I – Quanto me afliges, Minha filha, quando te vejo de tal modo ocupada pelas festas mundanas, vaidades e modas, que para as seguires em teus vestuários e enfeites, não tem pejo de violar as santas leis da modéstia. Dotou-te Deus de razão para que te percas em semelhantes frivolidades? Em lugar de diligenciares agradar-Lhe, não cuidas senão em ser agradável ao mundo e às criaturas. Como tu correspondes mal, ó Minha filha, às graças que te prodigalizou e aos fins a que se propunha concedendo-as. Para desculpar uma tal desordem, as tuas companheiras, bem o sei, dizem que não querem ser ridículas, escarnecidas pelas outras e olhadas como pessoas cheias de escrúpulos e de preconceitos.


A modéstia não se opôs nunca à decência e à propriedade do vestuário. A negligência e a grosseria nunca agradaram a Deus nem às almas virtuosas; mas é o impudor e a imodéstia que Deus detesta e pune severamente. Quando Eu era da tua idade, também Me enfeitava segundo o Meu estado e a Minha condição, mas para atrair o respeito e a estima de preferência a uma admiração vã, que não serve senão para excitar as más afeições.
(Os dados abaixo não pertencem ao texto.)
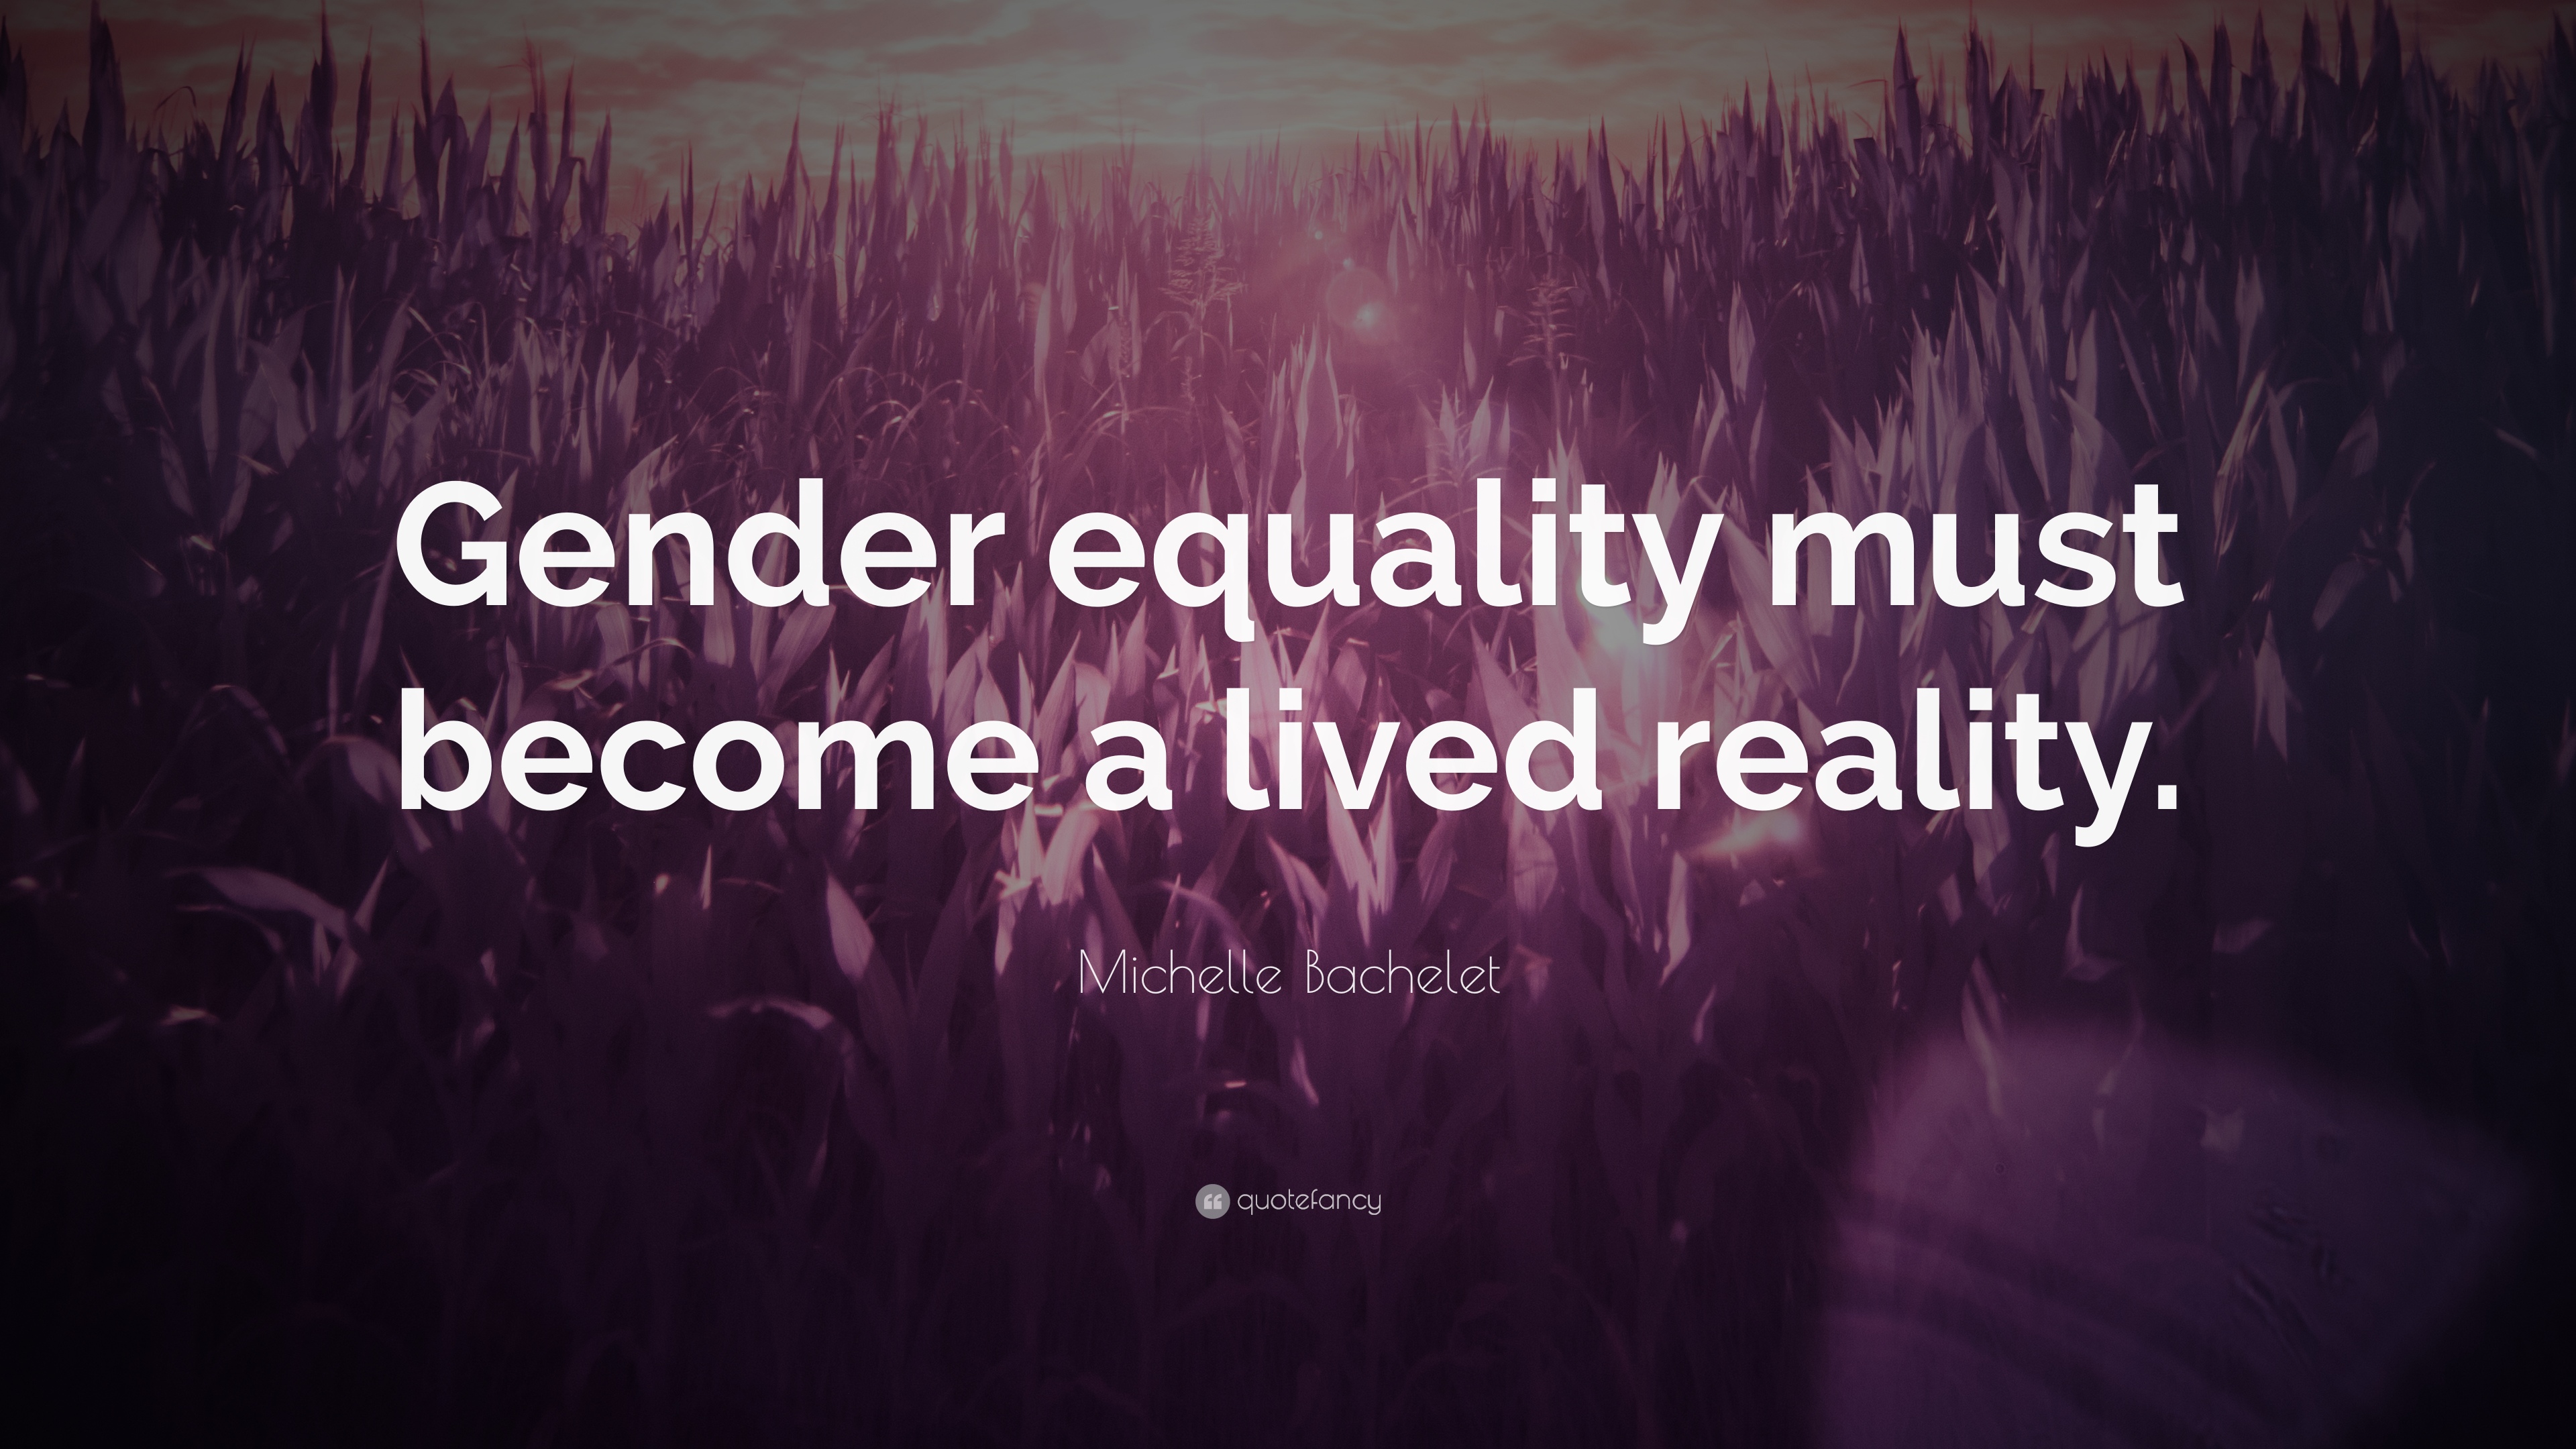 Michelle Bachelet Quote: “Gender equality must become a lived reality.”

Crê tu, Minha filha, que esses ornatos, esses trajes justos e essas nudezas descaradas sejam capazes de te atrair o respeito? Se observasses a modéstia, quem zombaria, de ti? Não seriam as pessoas virtuosas e tementes a Deus, mas as donzelas levianas e mundanas. E tu, inquietar-te-iam as suas tolas irrisões! Deixar-te-ias arrastar à perdição pelos seus maus exemplos! Ah! cora da tua loucura e não te envergonhes de imitar os Meus exemplos, se Me tens amor.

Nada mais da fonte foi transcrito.